DATASET EXCERPTS >>
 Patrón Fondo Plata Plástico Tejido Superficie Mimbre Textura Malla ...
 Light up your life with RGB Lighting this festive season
--
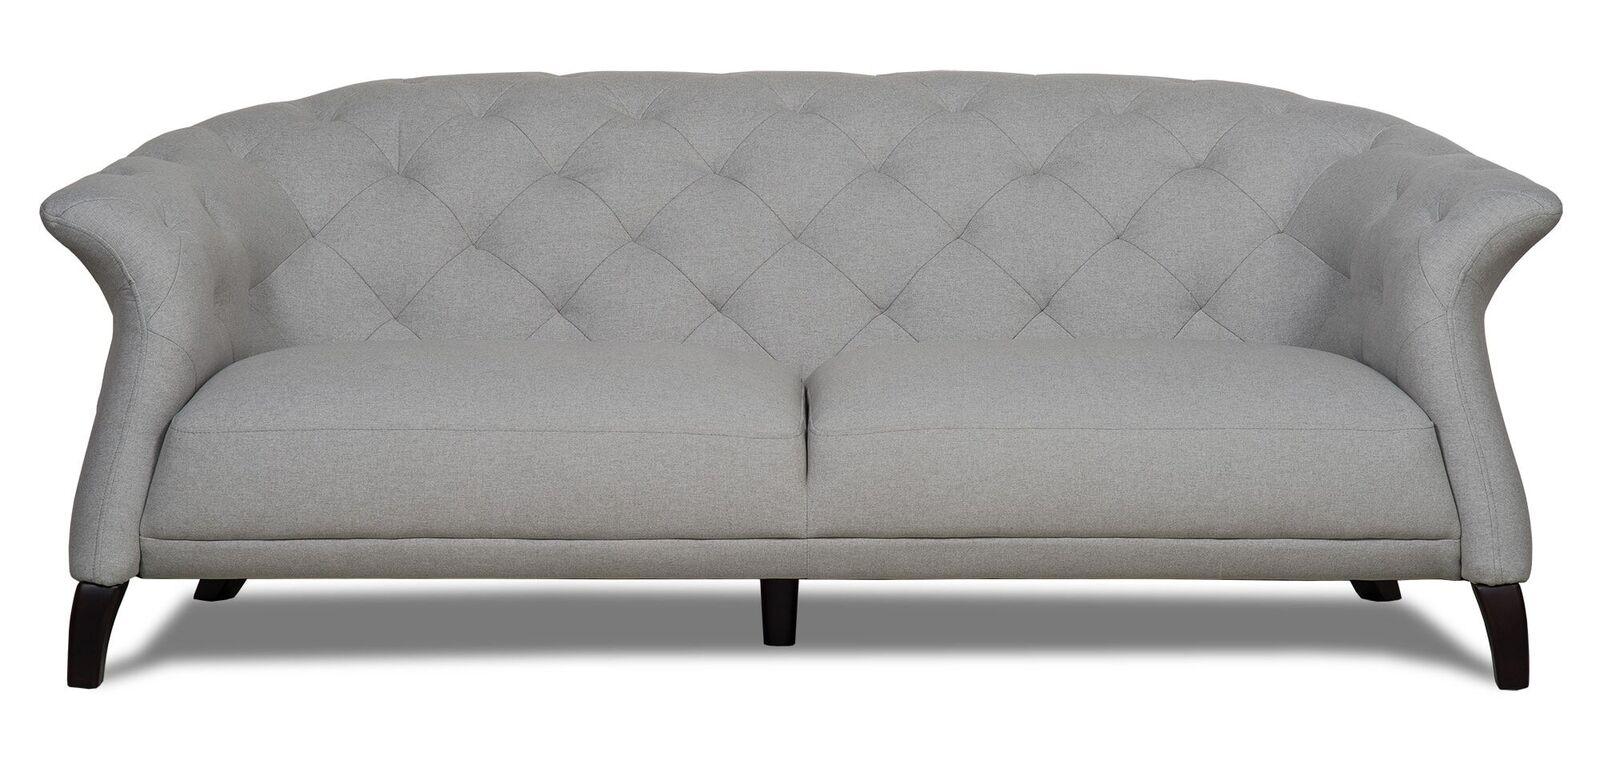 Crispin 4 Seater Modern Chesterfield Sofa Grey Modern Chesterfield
==
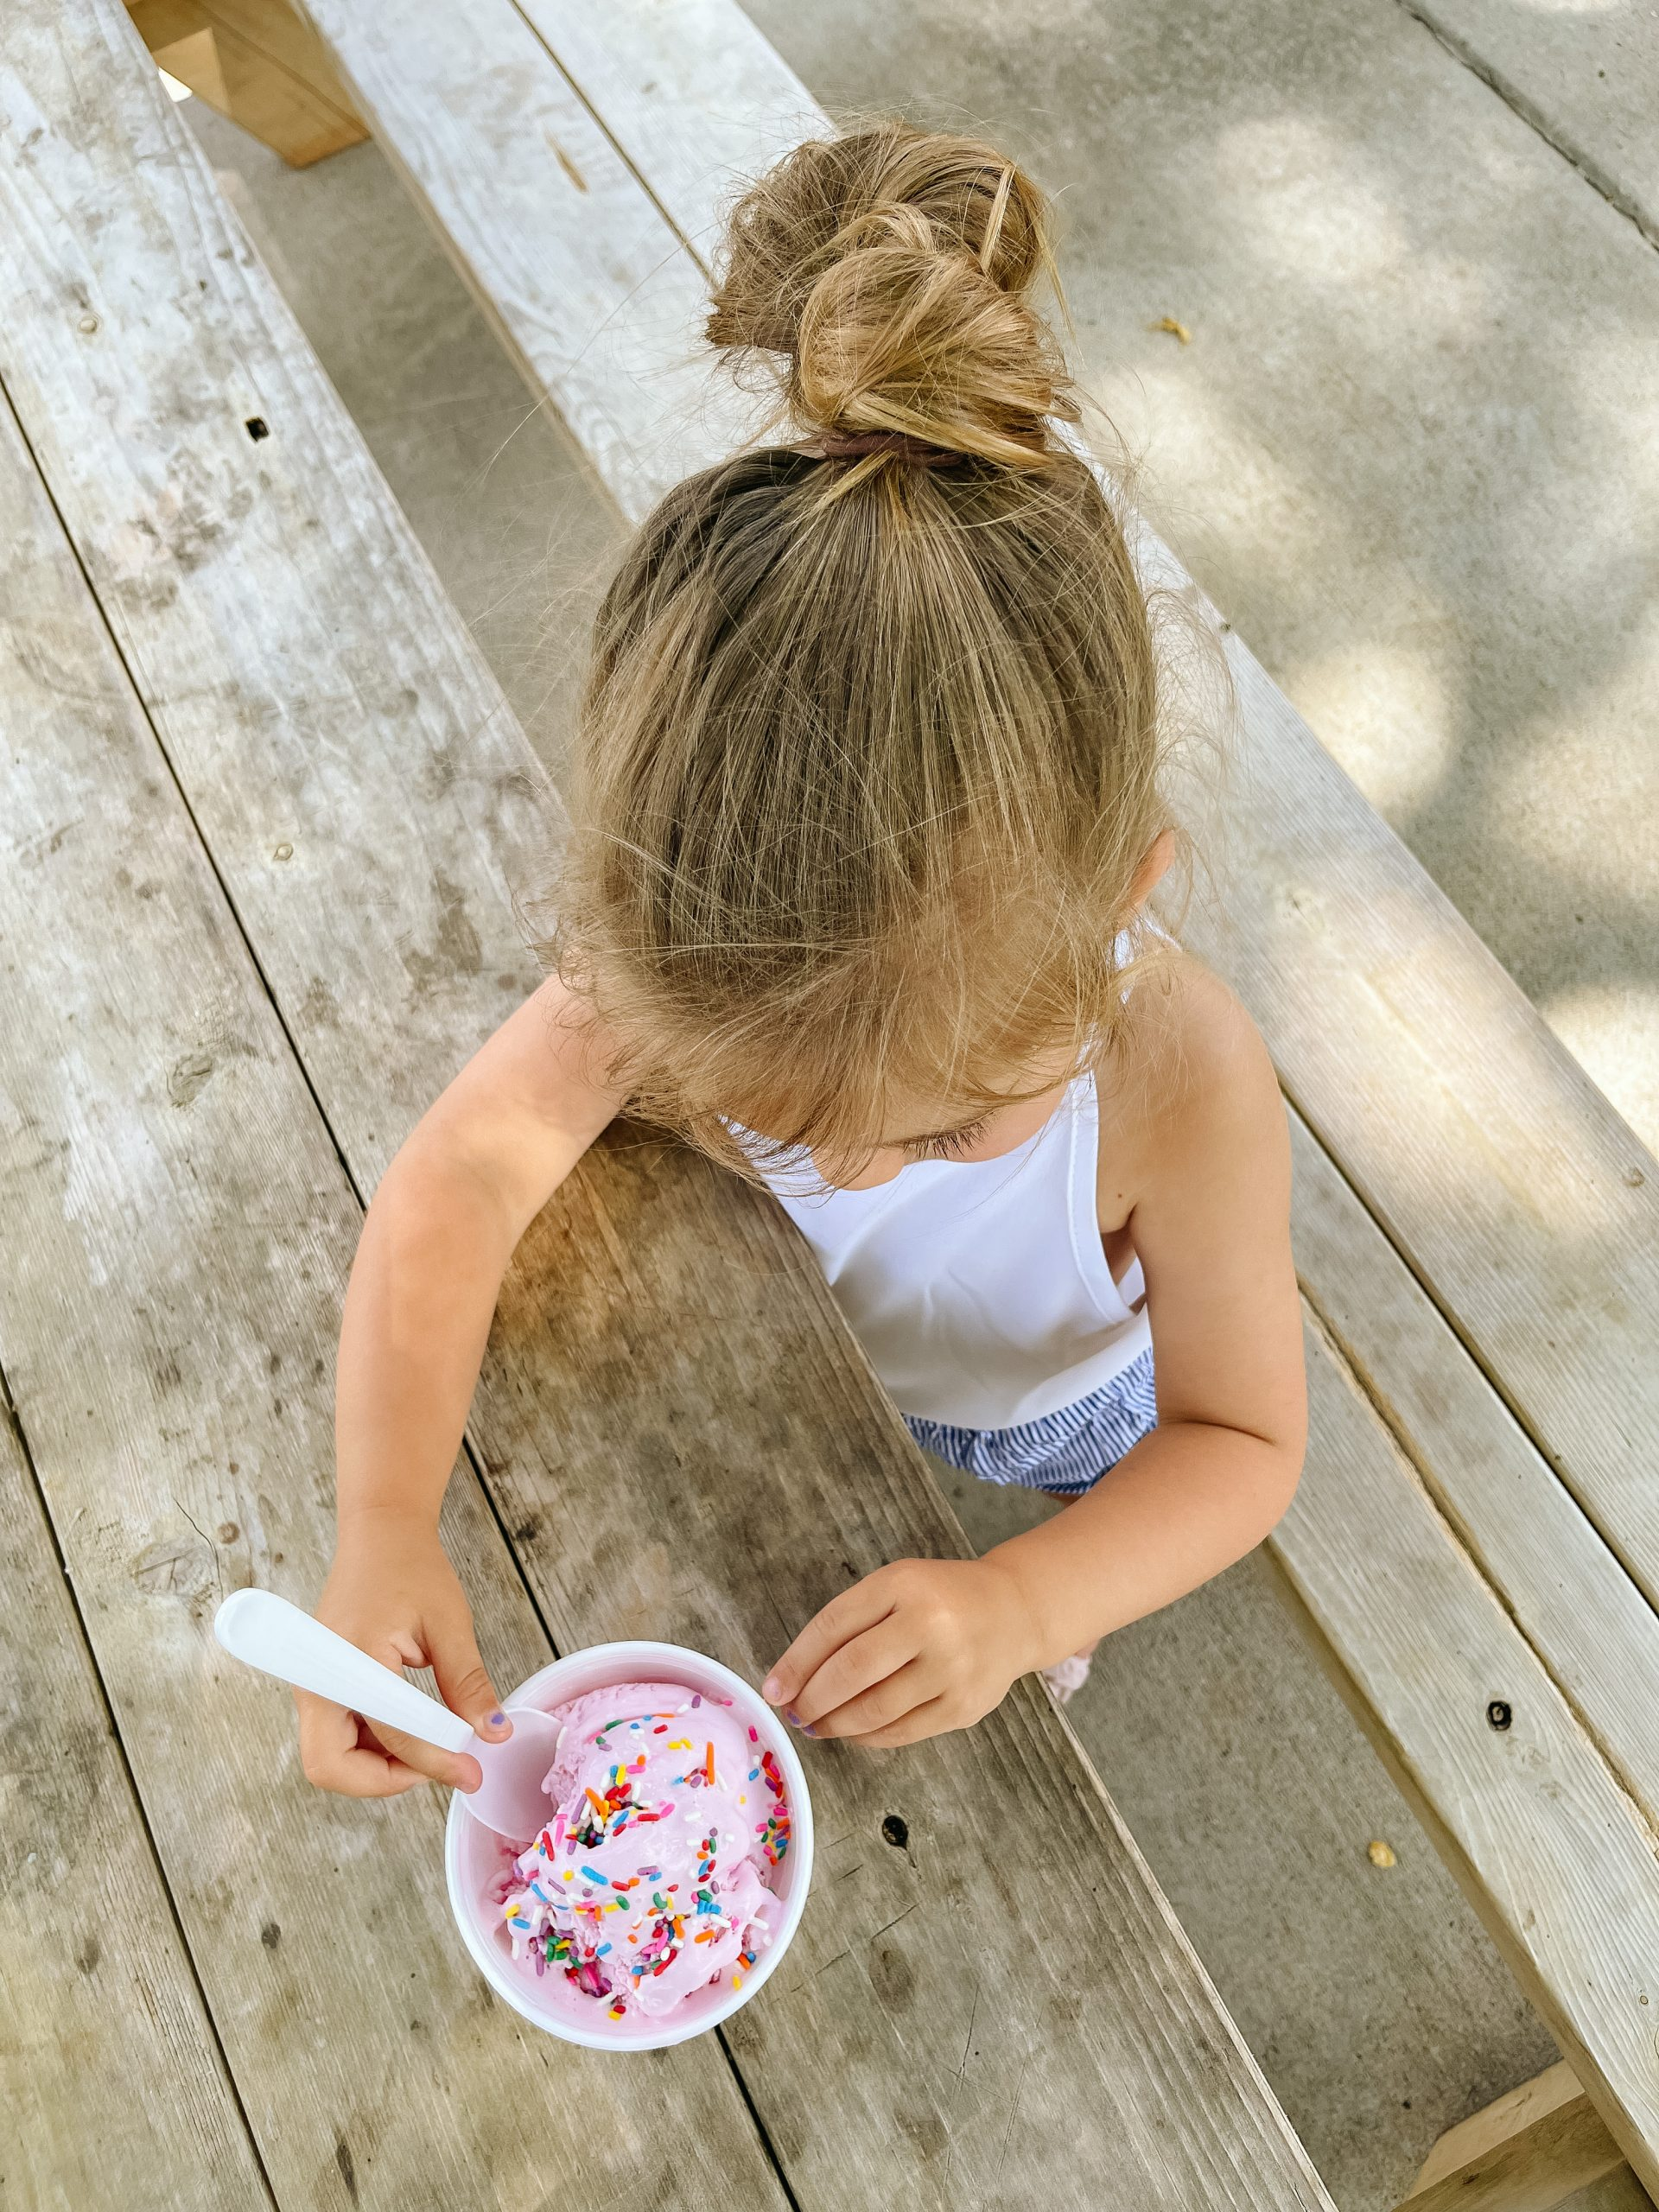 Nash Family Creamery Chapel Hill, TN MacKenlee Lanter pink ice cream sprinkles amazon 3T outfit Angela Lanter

PROBLEM TO WORK ON >>
Give an exact copy of the lines above from the line with "Patrón Fondo Plata" up to and including the line with "Light up your", and leave everything else out.

ANSWER SPACE >>
 Patrón Fondo Plata Plástico Tejido Superficie Mimbre Textura Malla ...
 Light up your life with RGB Lighting this festive season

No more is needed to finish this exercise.